Much as route 1. (very lax casting of unions) would simplify my use case, in writing this up I realised that probably doesn't make much sense in general.

alamb commented 3 months ago

Much as route 1. (very lax casting of unions) would simplify my use case, in writing this up I realised that probably doesn't make much sense in general.

Yeah -- I think of a Union as the way in arrow to represent a dynamically typed value: each row of a union can be one of a set of different types

So I guess if we are casting from a union array to another type, I would as a user expect that each row of the union (regardless of what variant it was) would be cast to the target type

gstvg commented 2 months ago

Hey @samuelcolvin, if I get it right, your first option looks like union_extract from DuckDB. Example usage~%0AINSERT-INTO-tbl1-values-(1)%2C-('two')%2C-(union_value(str-%3A%3D-'three'))~,SELECT-union_extract(u%2C-'str')-AS-str%0AFROM-tbl1~)

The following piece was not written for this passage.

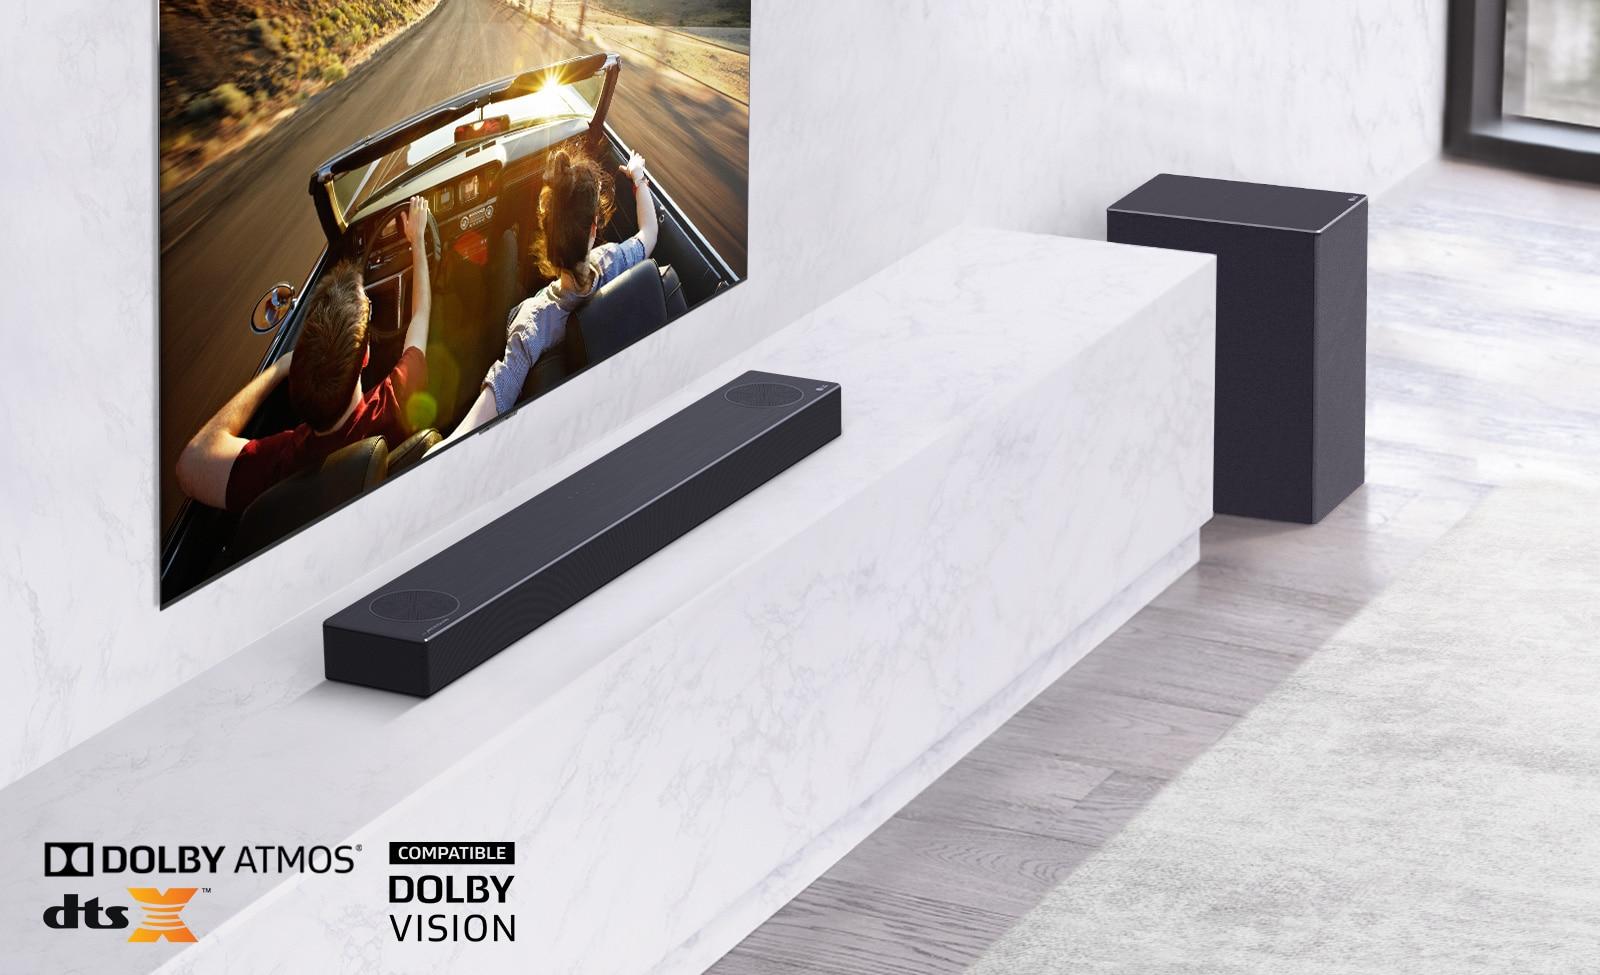 Tv aan de muur, LG Soundbar staat onder op een witte marmeren plank met rechts een subwoofer. Tv toont een koppel in een auto.

I'm trying to implement it at https://github.com/apache/datafusion/pull/12116 in case it helps

DuckDB union cast docs may also be of interest

samuelcolvin commented 2 months ago

interesting, I don't know what @alamb things, but I'd say it would be best to implement it in this repo rather than datafusion.

alamb commented 2 months ago

I think implementing a union_extract kernel in arrow-rs makes sense to me. Starting it in datafusion and then porting it to arrow-rs also would make sense

gstvg commented 2 months ago

I can port the PR here, it will take a few days. Hopefully this would avoid duplicate review work, especially since most of the tests should be rewritten from sqllogictests to unit tests. Do you agree?